Help to Make the Season Bright

Despite what the religious nuts claim, giving is truly the reason for the season. Most organizations are in need of your support, and there are many worthy causes out there (you can see what I’ve supported in prior years here and here).

My donations have increasingly gone to organizations that work on food issues — whether it’s feeding hungry people, funding school gardens, or increasing access to fresh food to needy communities. I’ve often written about eating locally and shopping locally, so I’ve tried to put my money where my mouth is by devoting most of my charitable giving this year to local, food-focused non-profits.
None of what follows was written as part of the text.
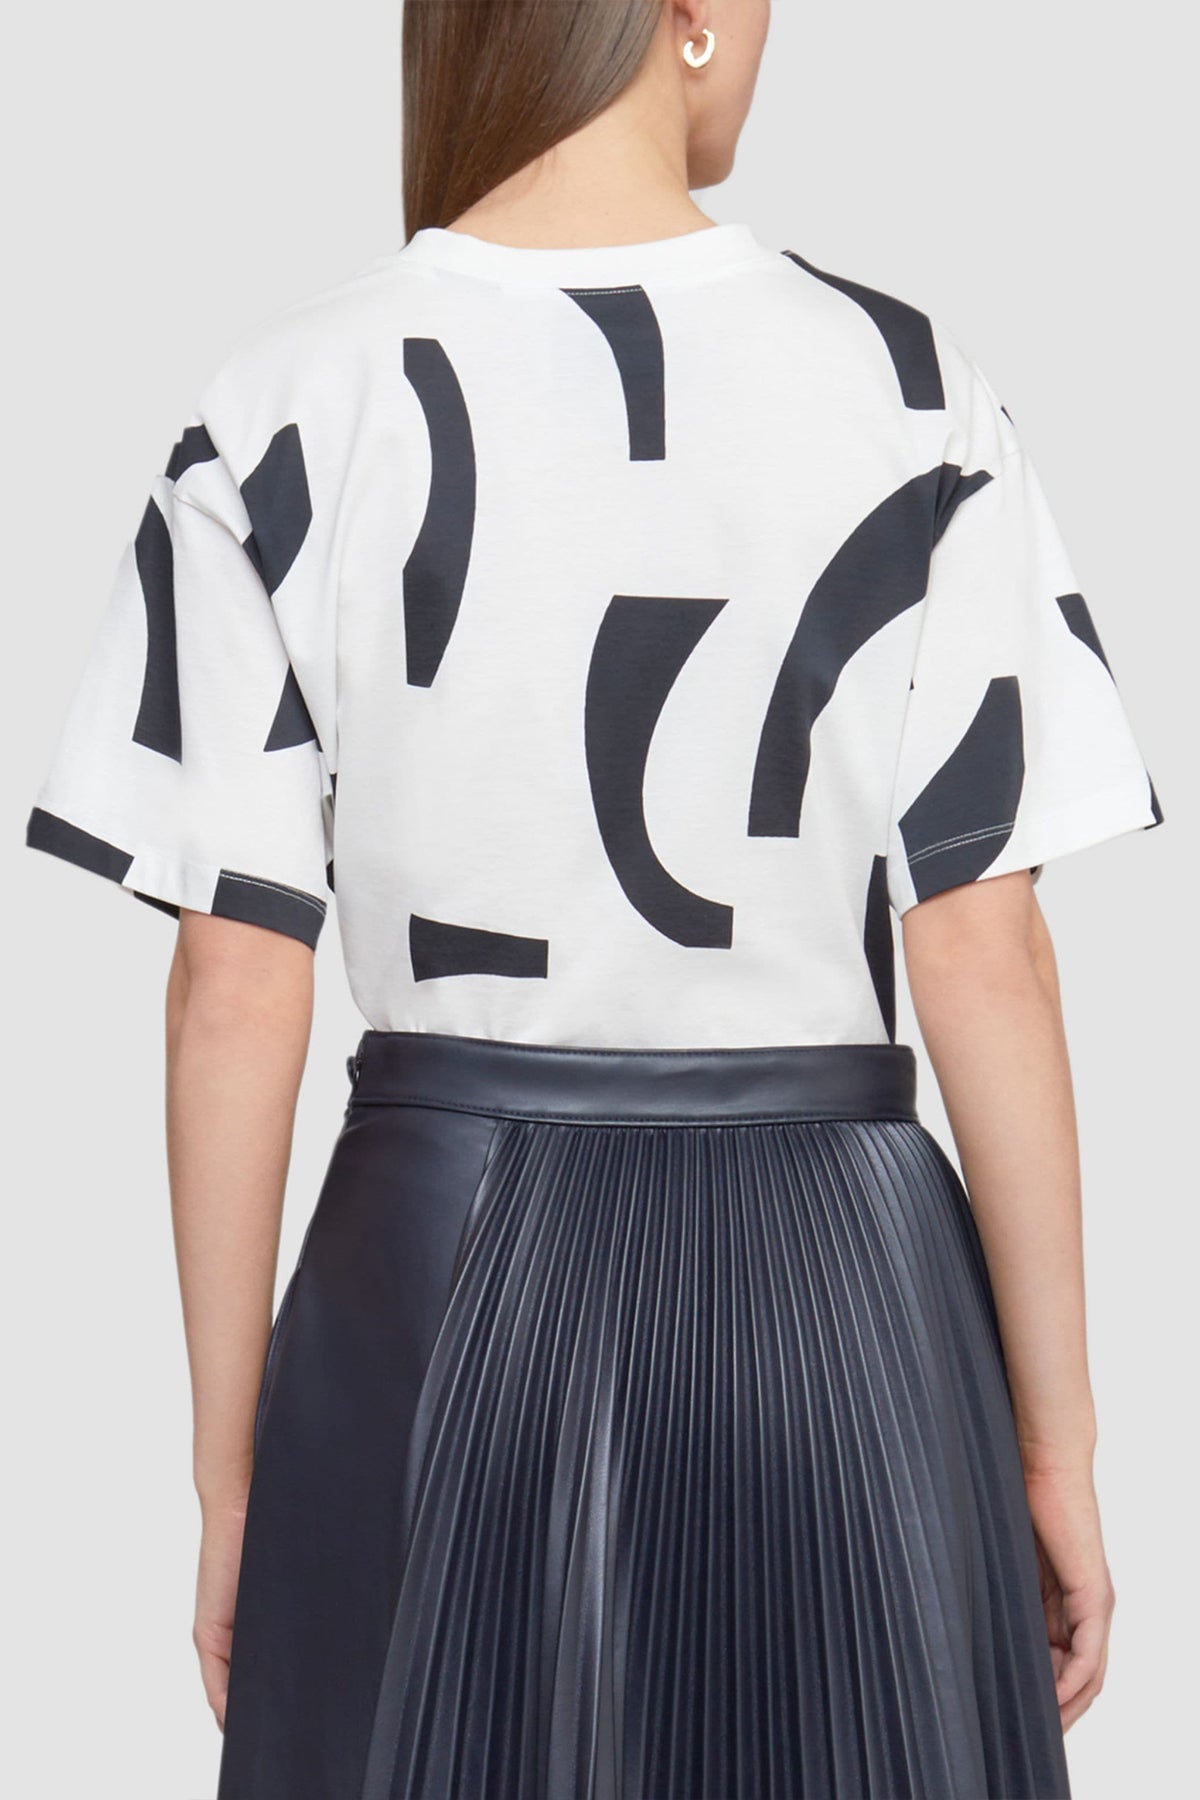 Abstract Tile Oversized T-Shirt in White & Black - shop-olivia.com

One of the most common critiques about local or organic food is that only the well-off can afford it. But many of the organizations, below, are showing that fresh, local food doesn’t have to be expensive.

CitySlicker Farms –  Cityslicker brings fresh, locally grown produce, honey and eggs to areas of Oakland that are essentially food deserts. CitySlicker has urban farms and backyard gardens. They run farmers markets and help residents learn to grow and cook their own food.

Urban Tilth Another organization working to increase access to fresh food (this time in West Contra Costa country). I was particularly inspired by this article about how Urban Tilth helped Richmond High School set up a school garden and then created a very low cost CSA (community supported agriculture) with produce boxes filled with food from the garden. The CSA  has been so popular that there’s a waiting list — showing that even in poorer communities, there is a hunger for real food.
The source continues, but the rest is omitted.